→ **AIM OF THE EXERCISE**: Exactly the lines from the line with "Lezioni di sci" through the final line of the records below, both ends included, are to be set down. Do not include pictures.

Saved data entries
---+---

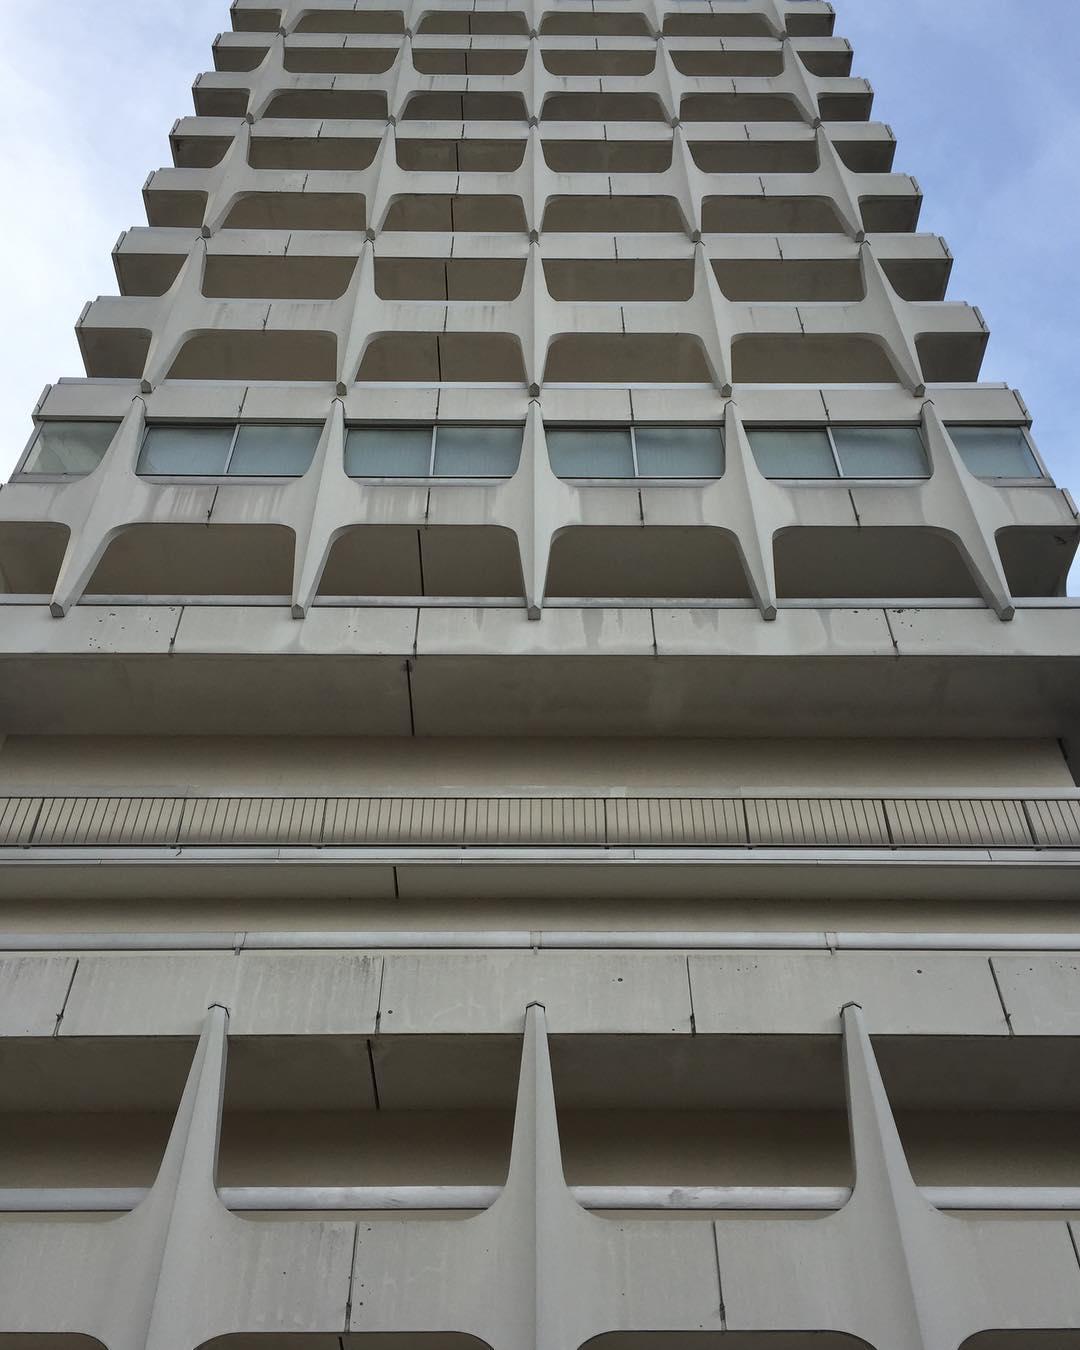 Qu estupidez pensar que esta foto del edificio podra transmitirhellip
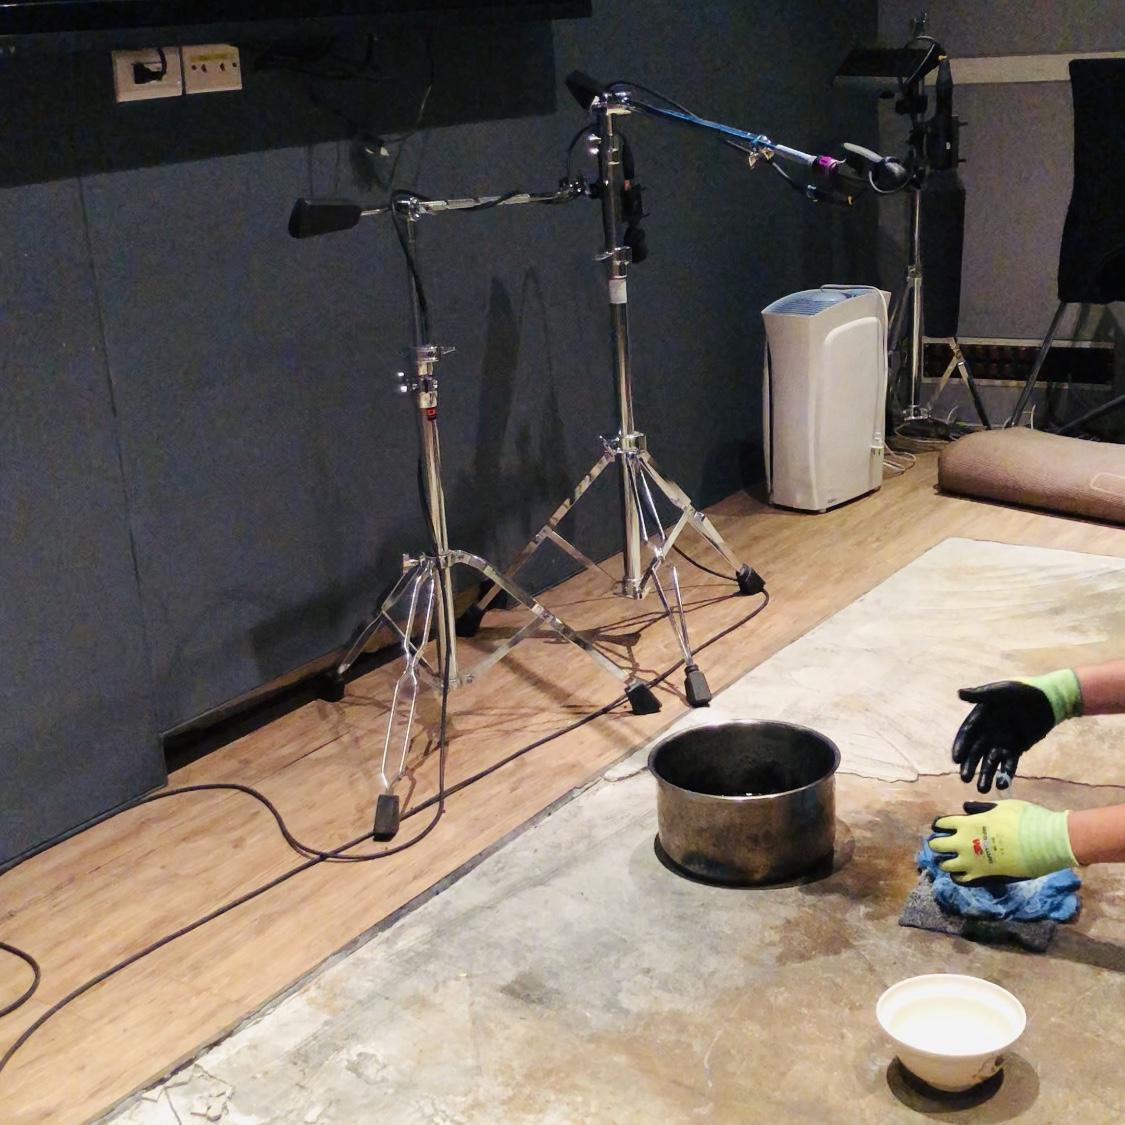 Foley道具(照片提供:好多聲音)s_2D1E047CFE87C0FBF8C10BFDBA3B762C83560FF6F19C6E0FAB13F14E87C7335D_1544675916598_Foley03
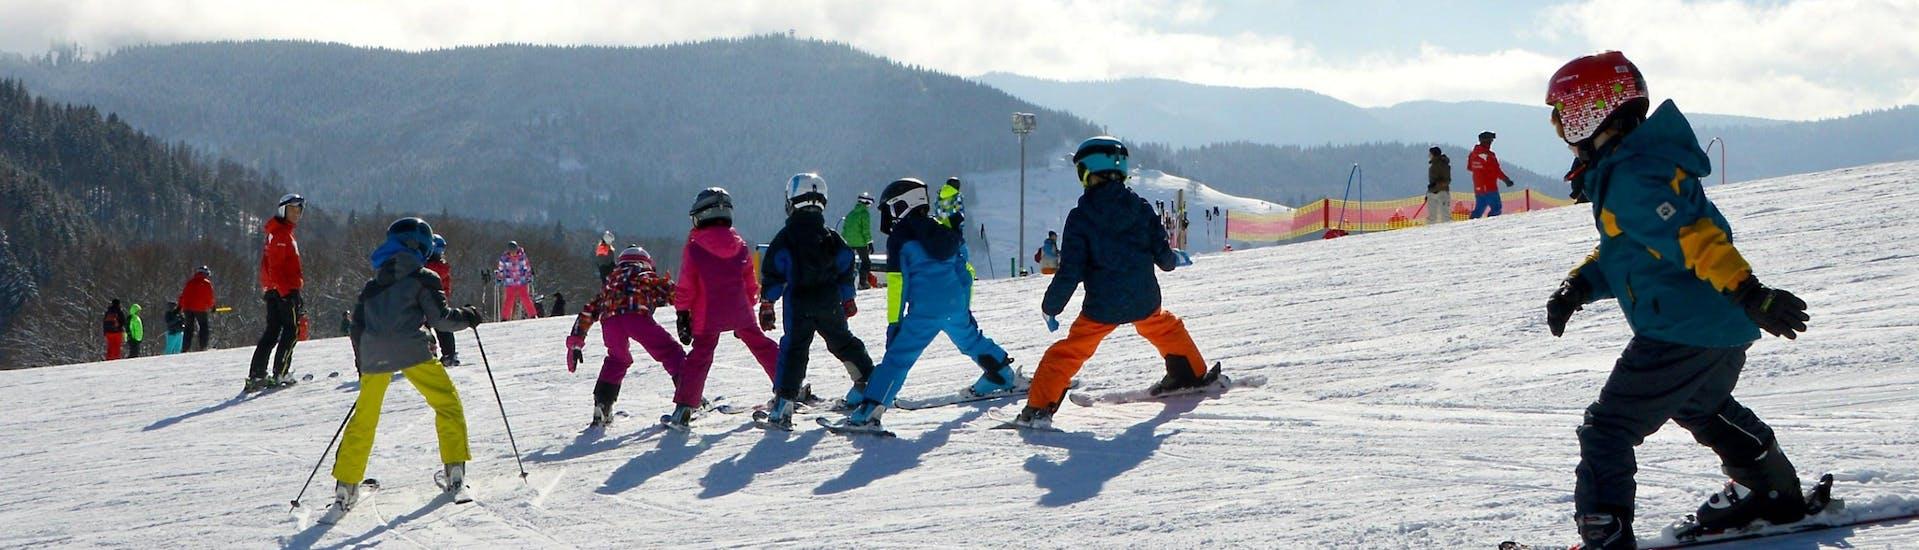 Lezioni di sci per bambini a partire da 6 anni per tutti i livelli
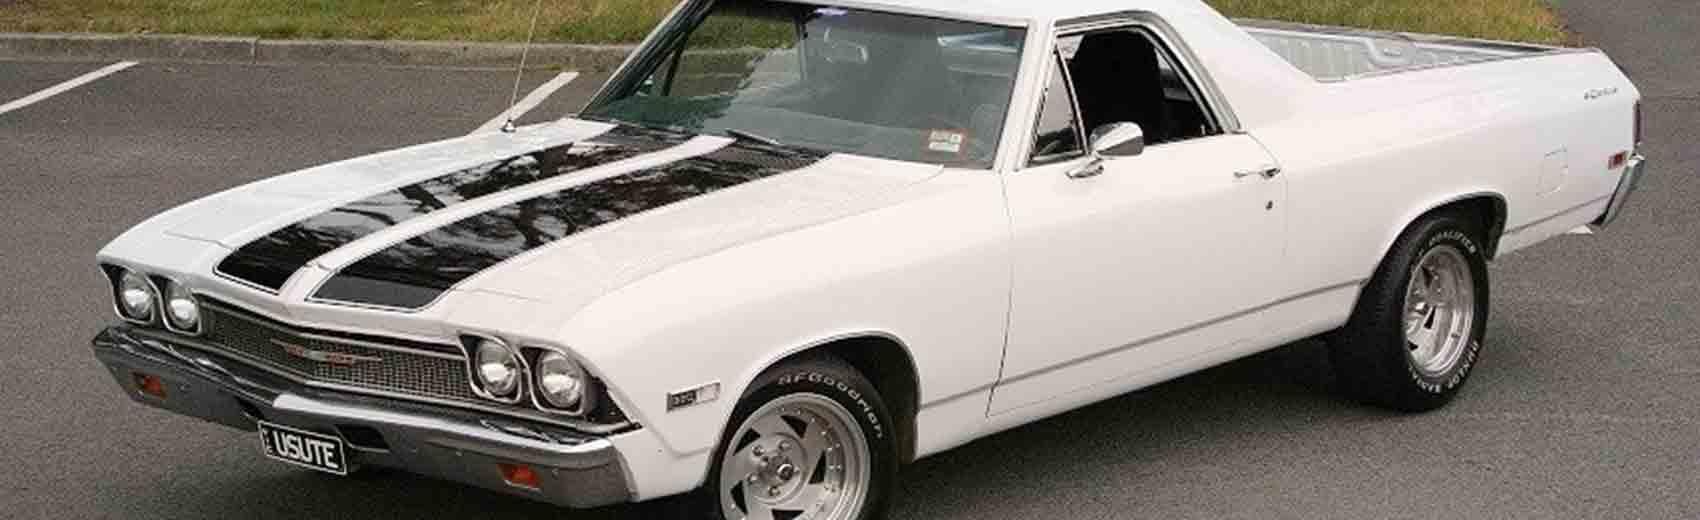 Classic Chevy El Camino
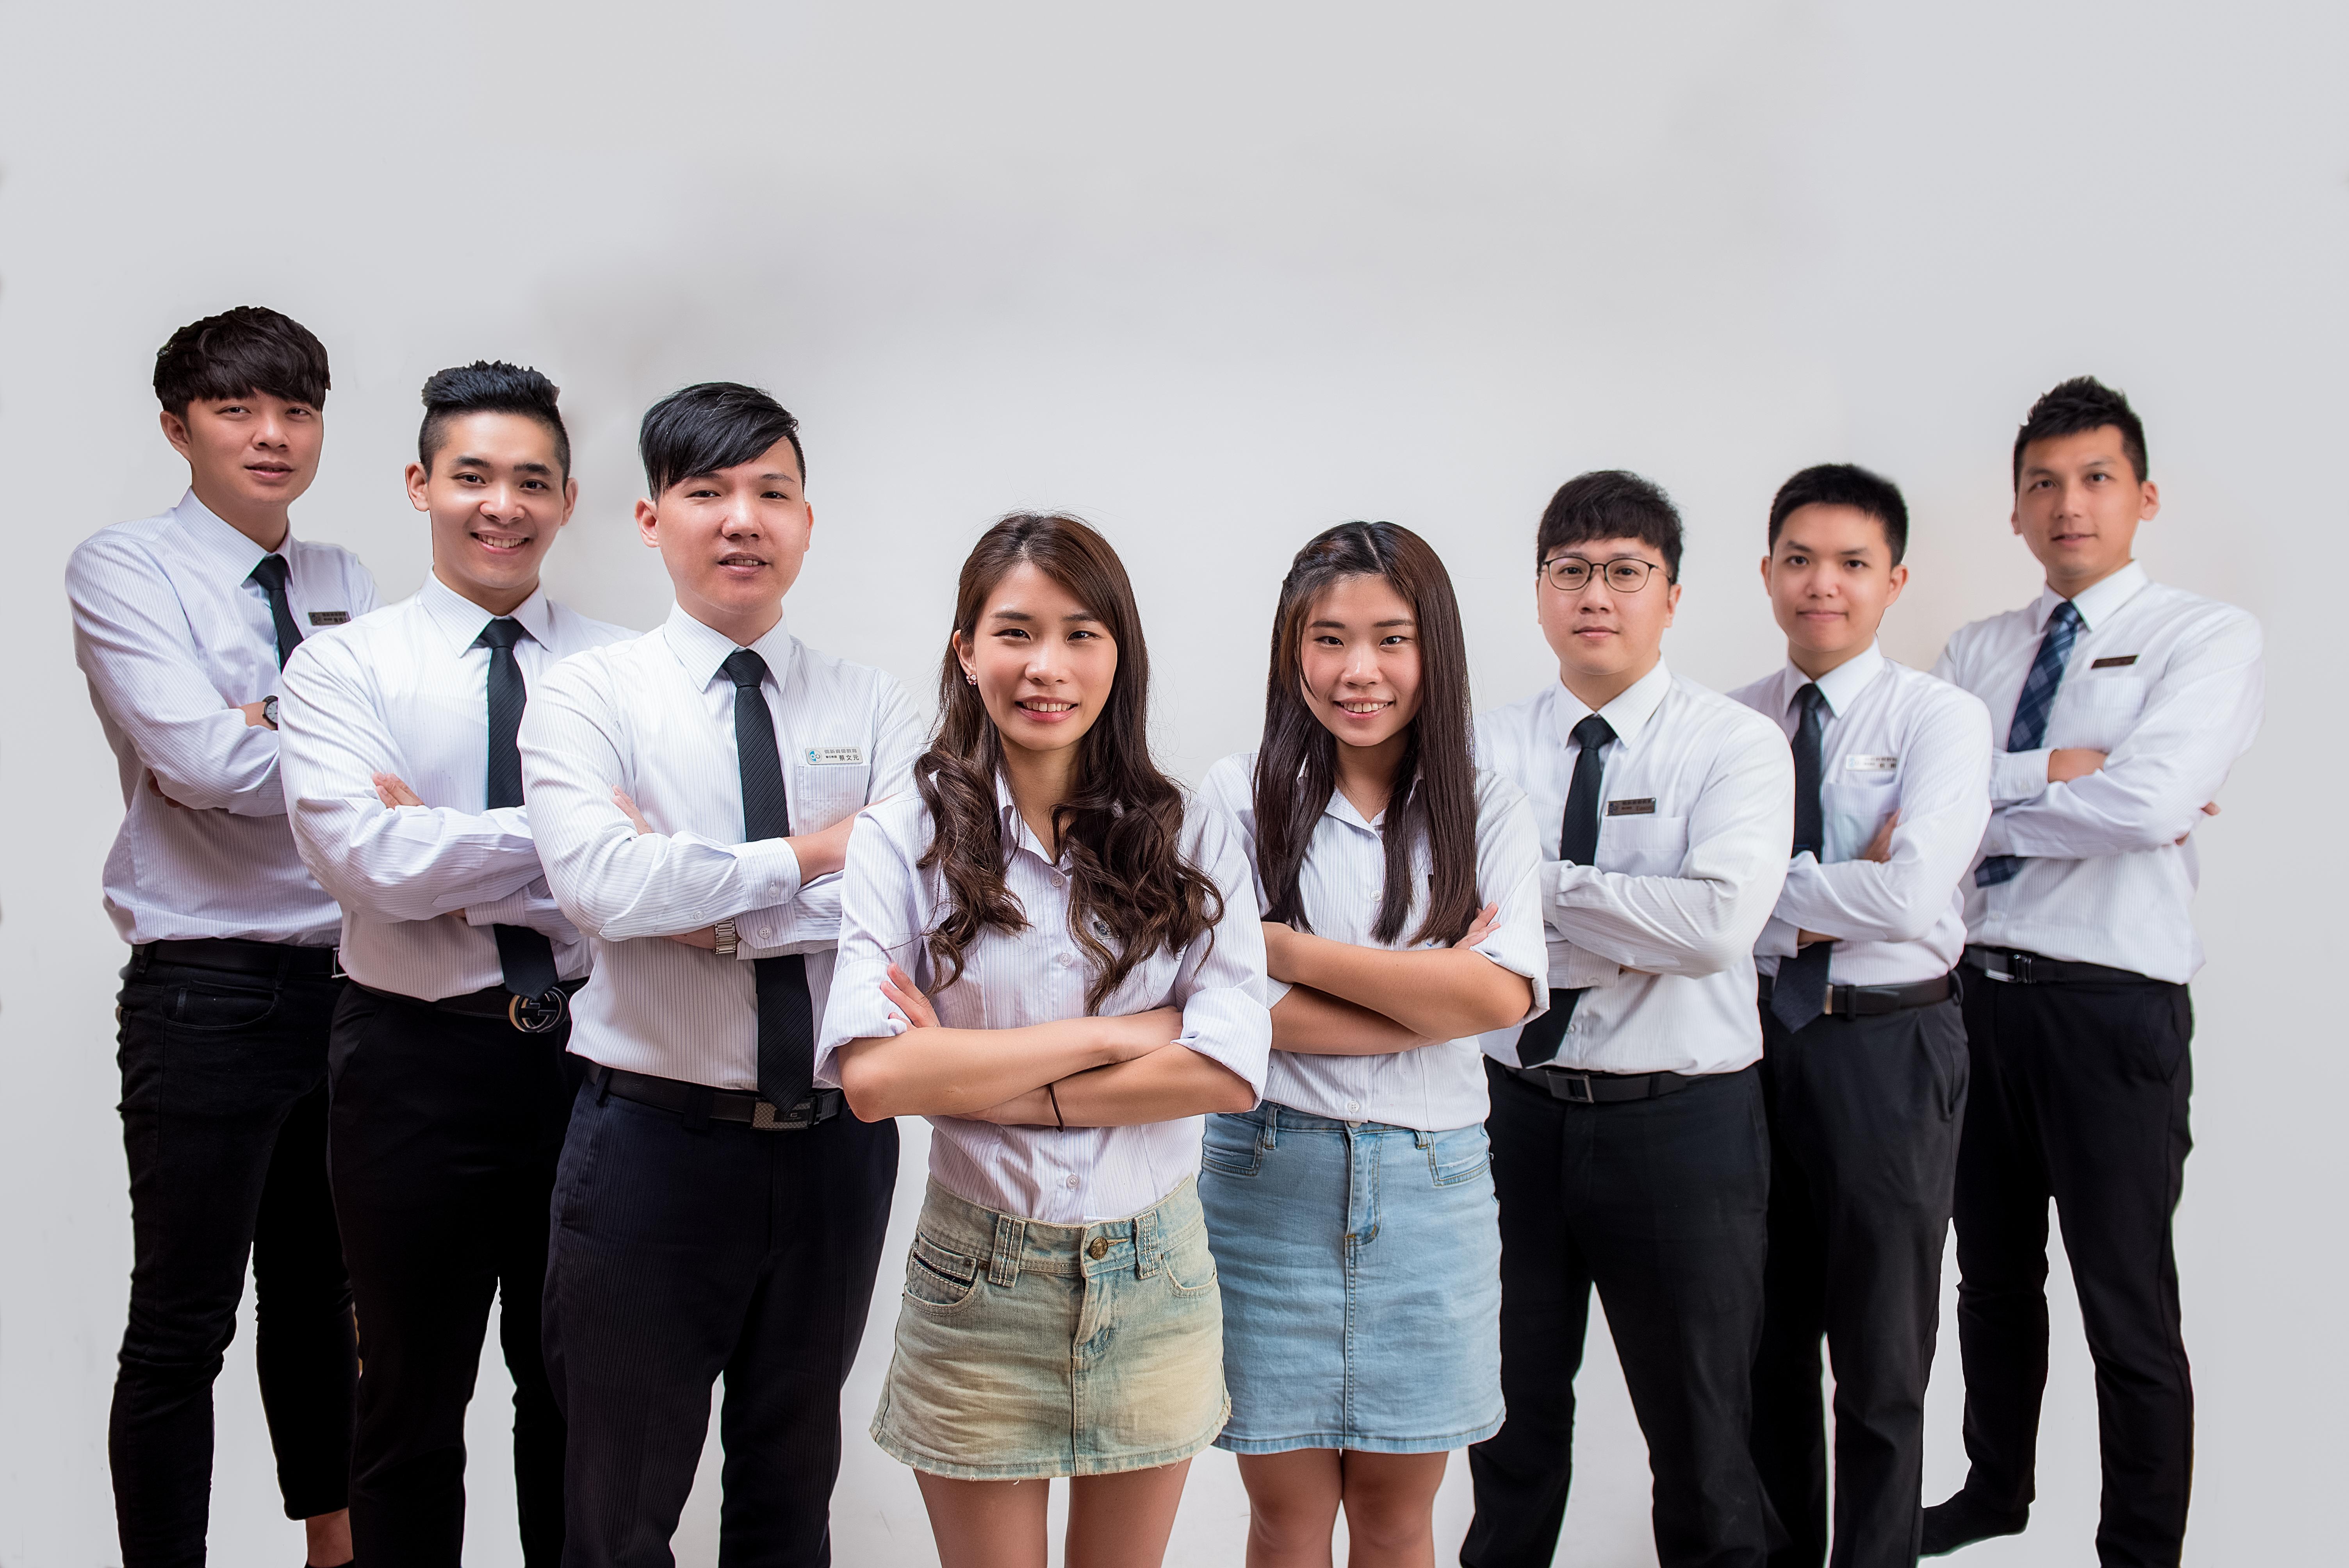 台中英文補習班教師團體形象照

---+---

→ **RESPONSE BOX**:
 Lezioni di sci per bambini a partire da 6 anni per tutti i livelli
 Classic Chevy El Camino
 台中英文補習班教師團體形象照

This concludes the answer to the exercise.